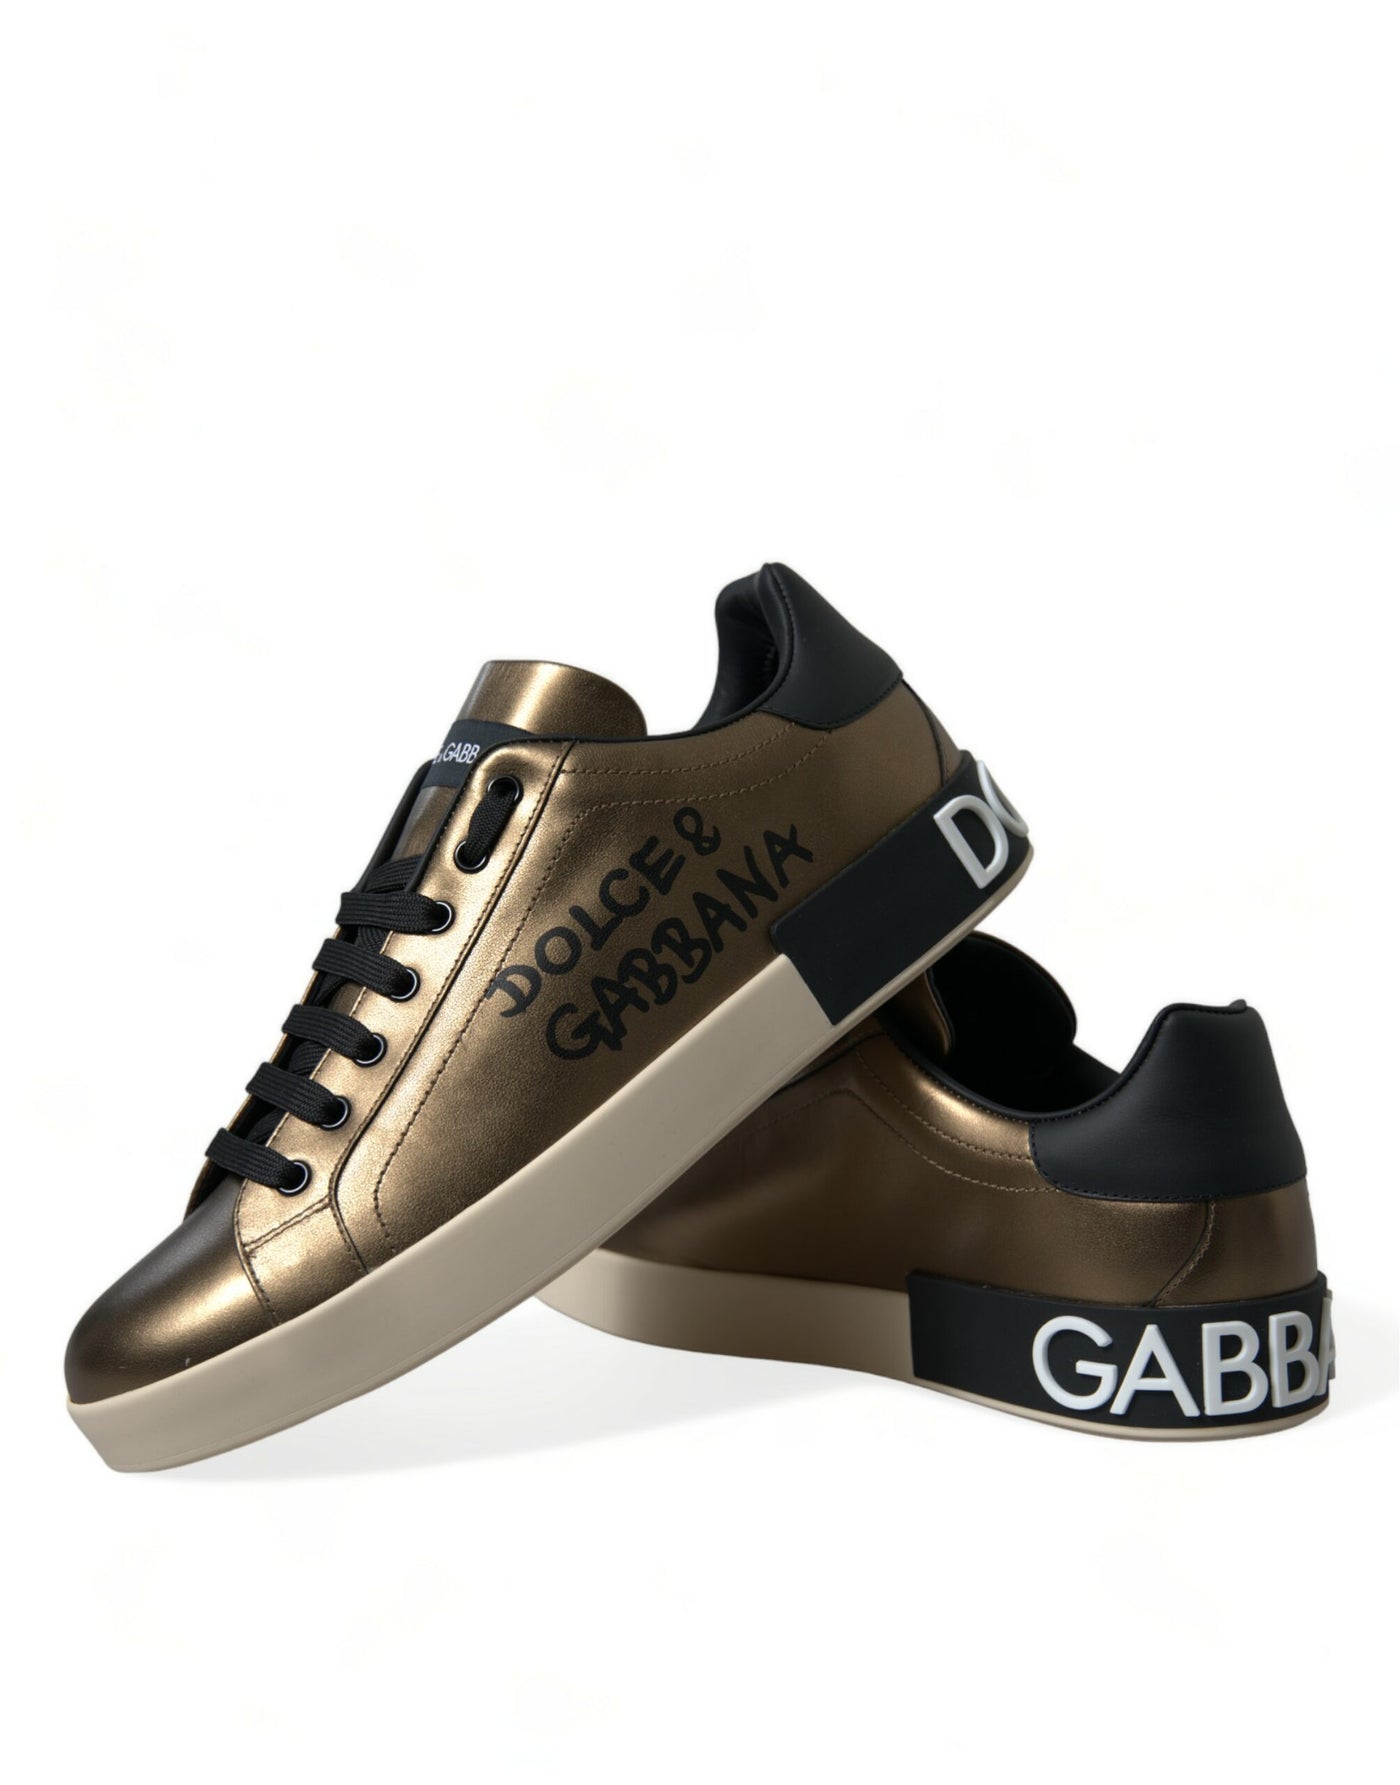 Dolce & Gabbana Bronze Leather Portofino Logo Men Sneakers Shoes
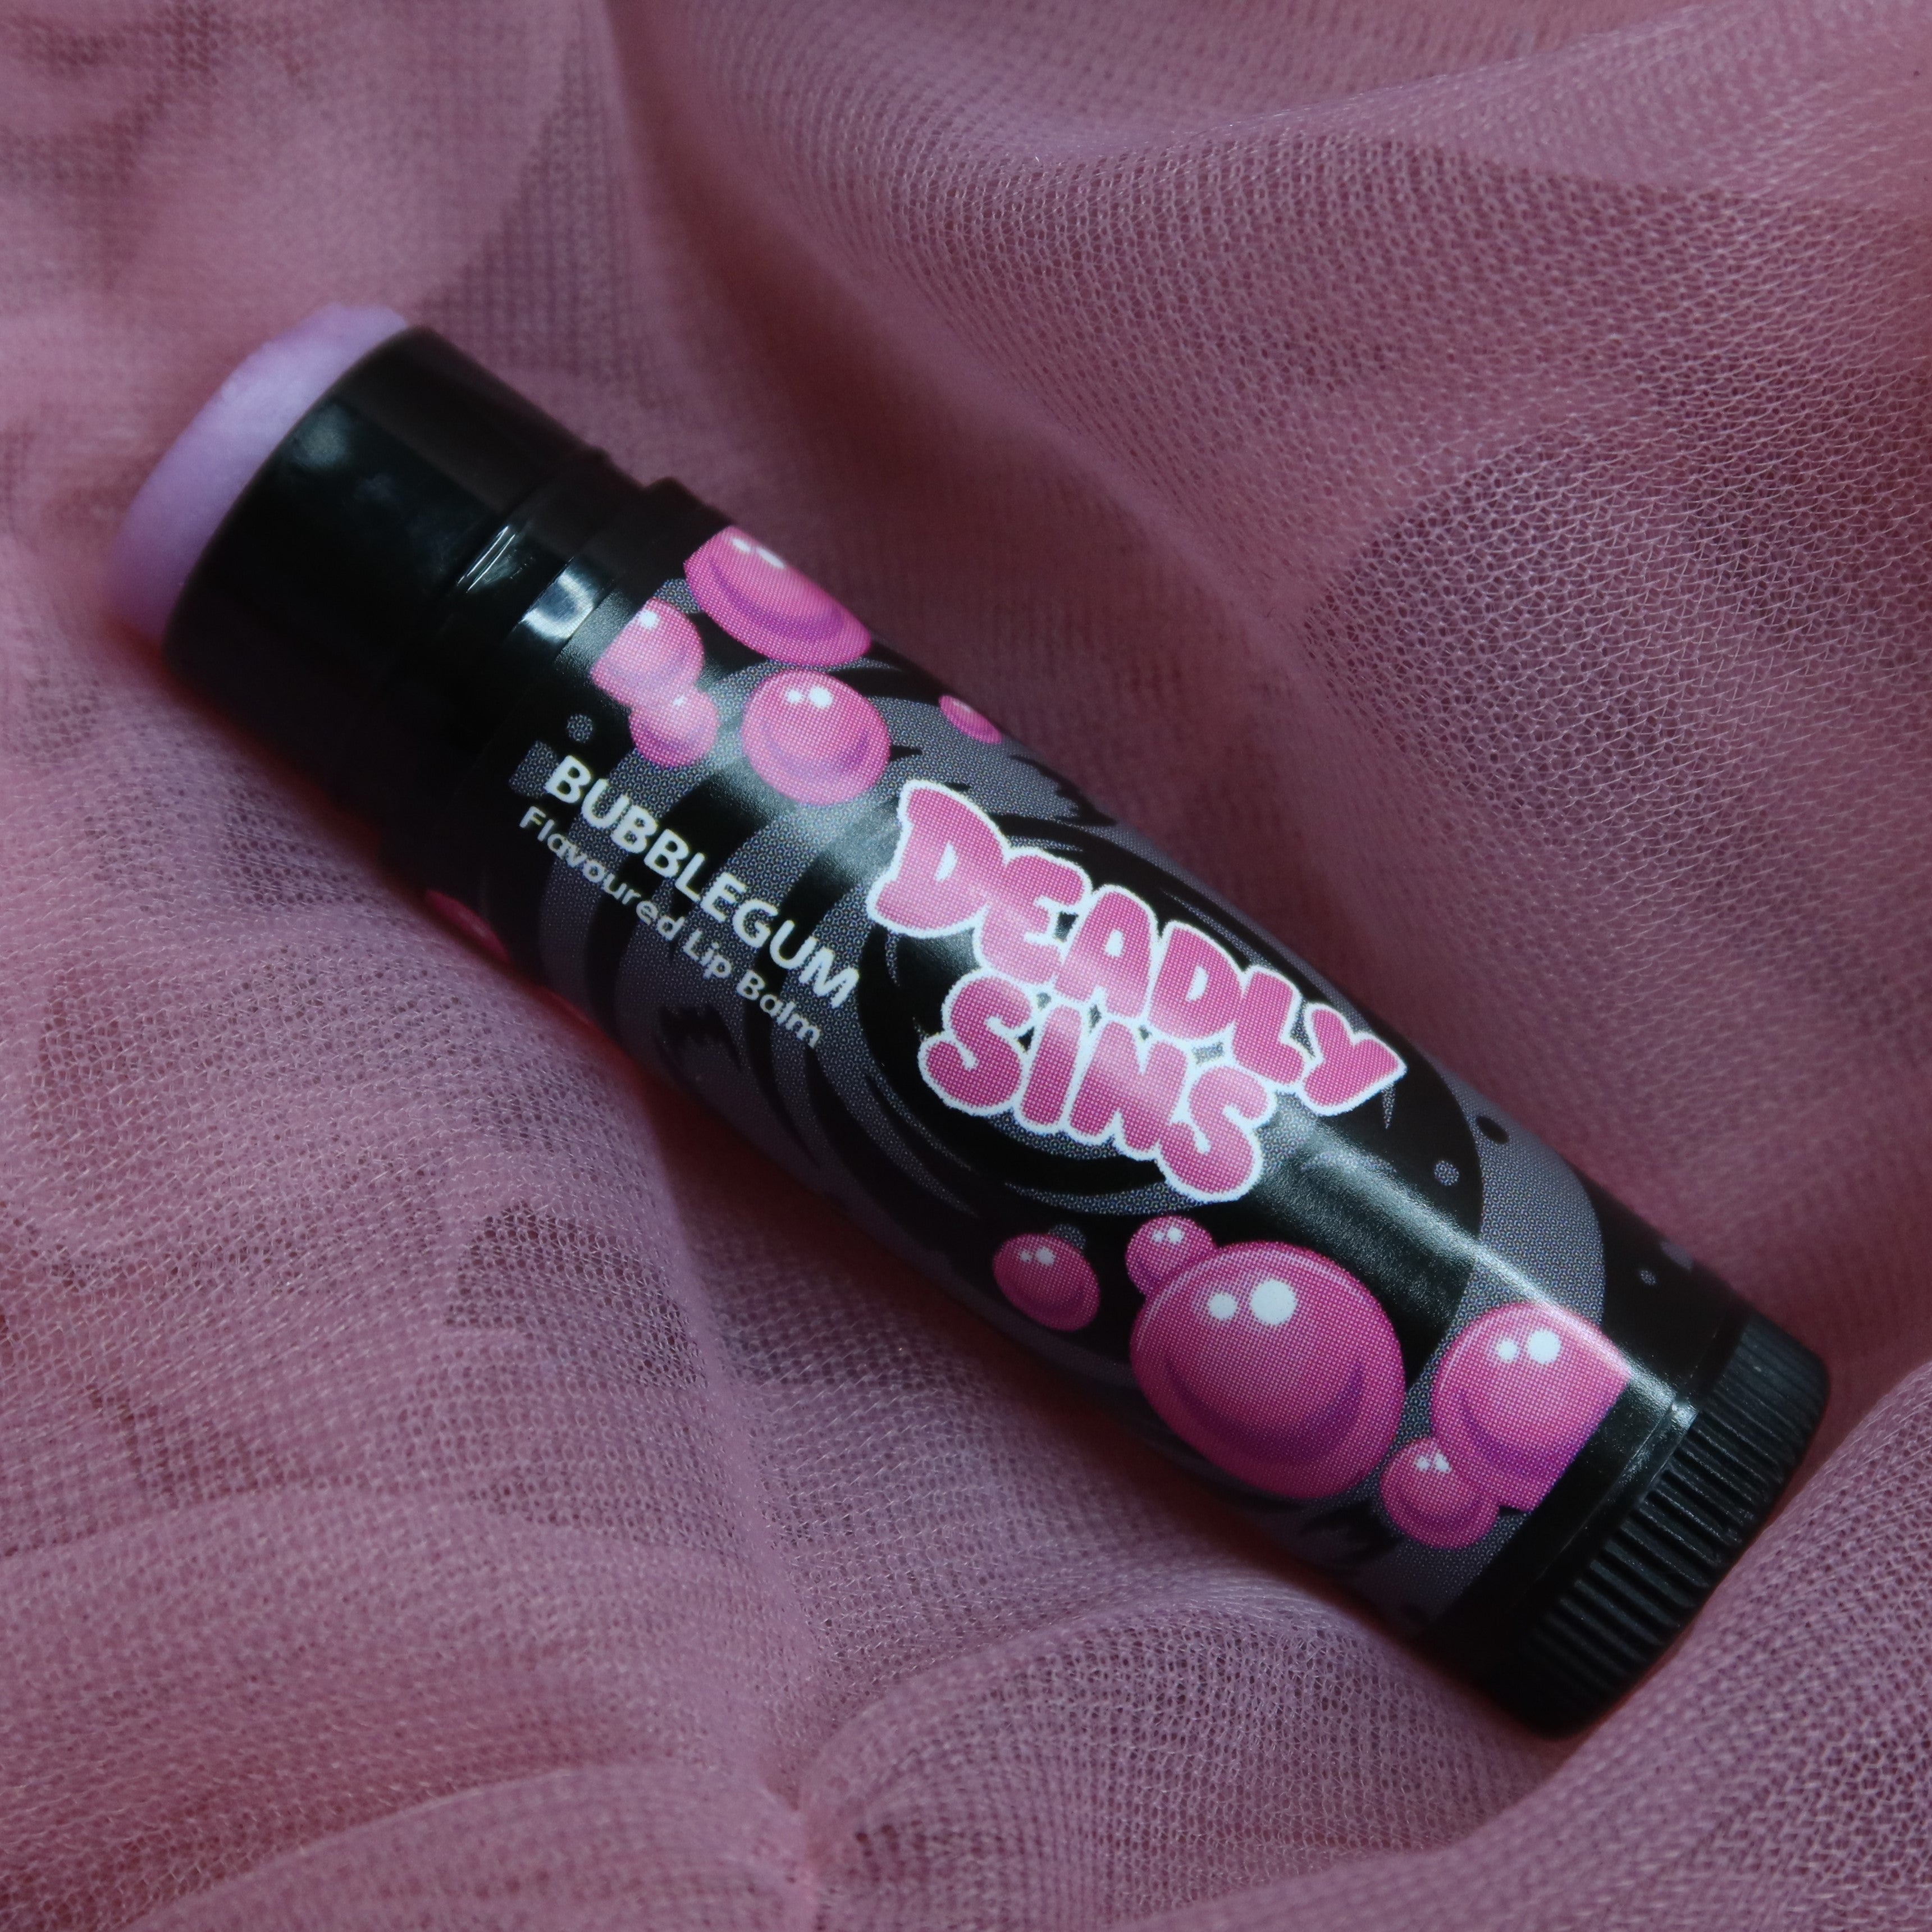 Australia Pink Bubble Gum Lip Balm Deadly Sins Cosmetics
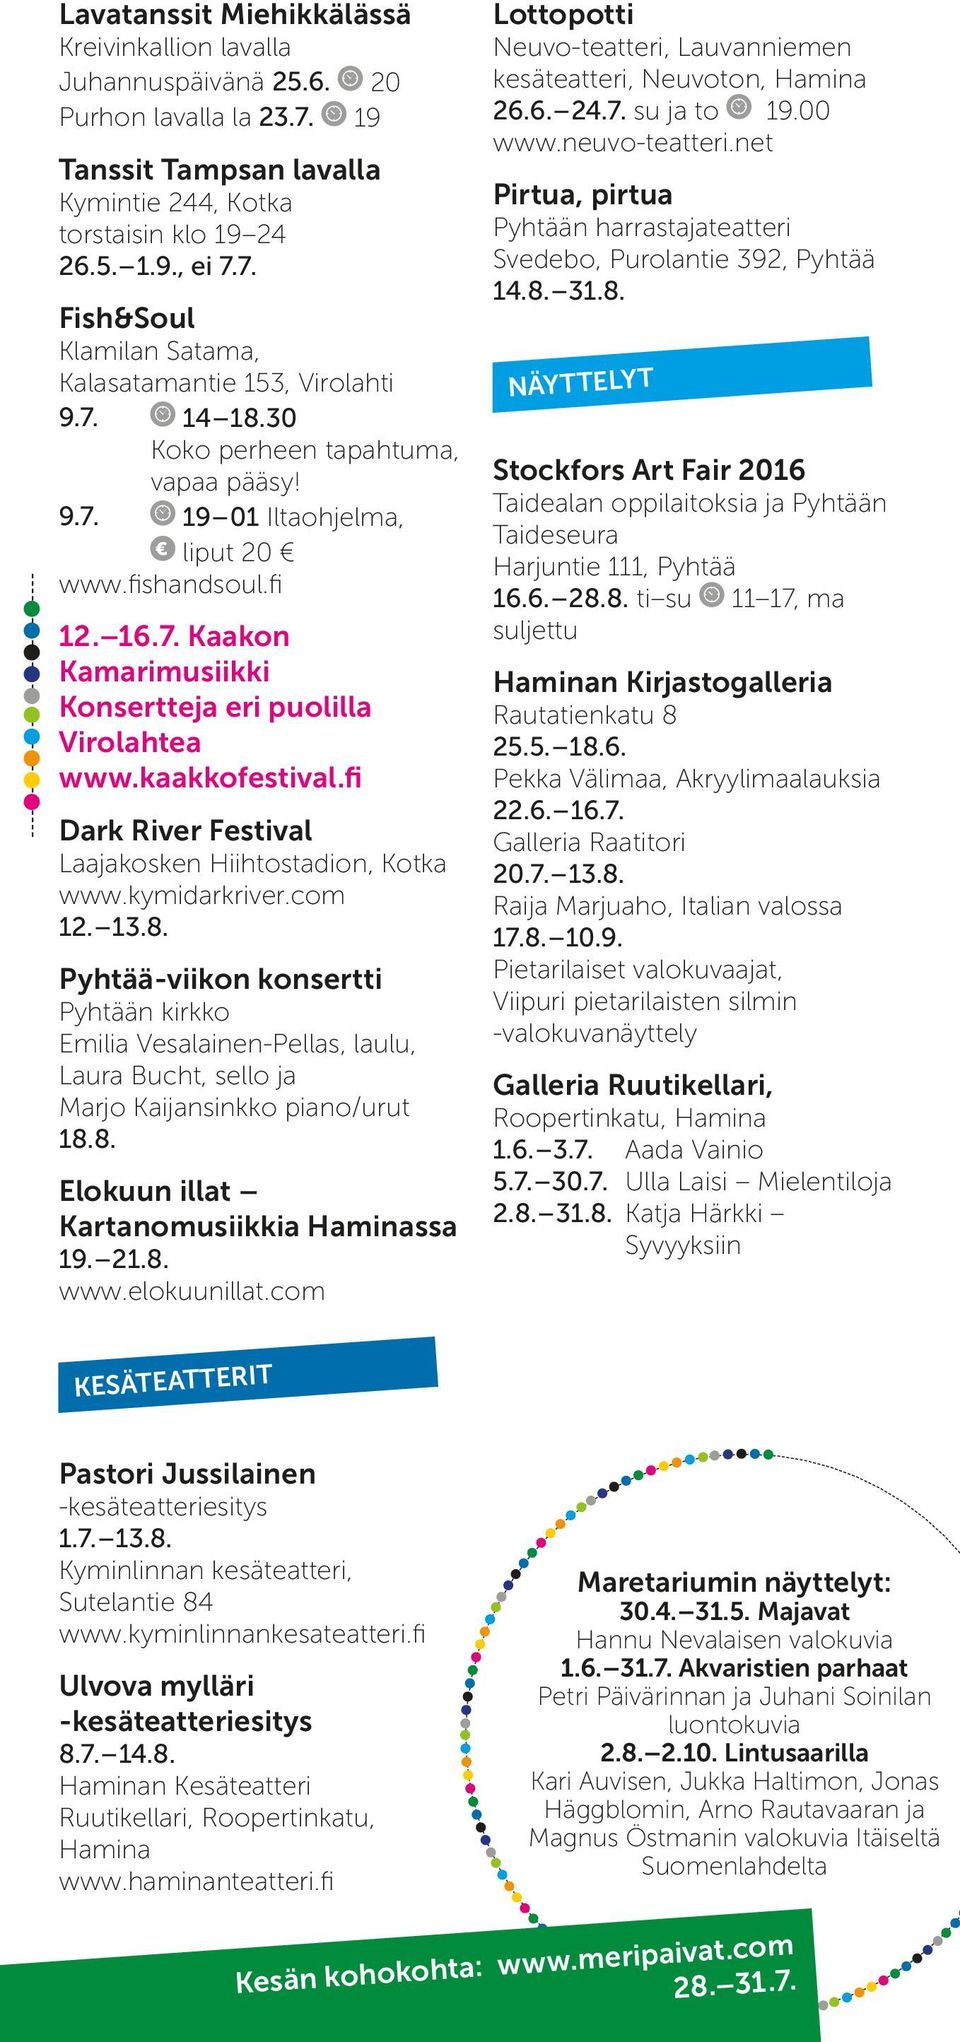 fi Dark River Festival Laajakosken Hiihtostadion, Kotka www.kymidarkriver.com 12. 13.8.

**Work item:** Your copy should hold only the lines from the line with "Australia Pink Bubble" through the end of the data above, both ends included, transcribed exactly and without pictures.

**Your response:**
 Australia Pink Bubble Gum Lip Balm Deadly Sins Cosmetics
 fi Dark River Festival Laajakosken Hiihtostadion, Kotka www.kymidarkriver.com 12. 13.8.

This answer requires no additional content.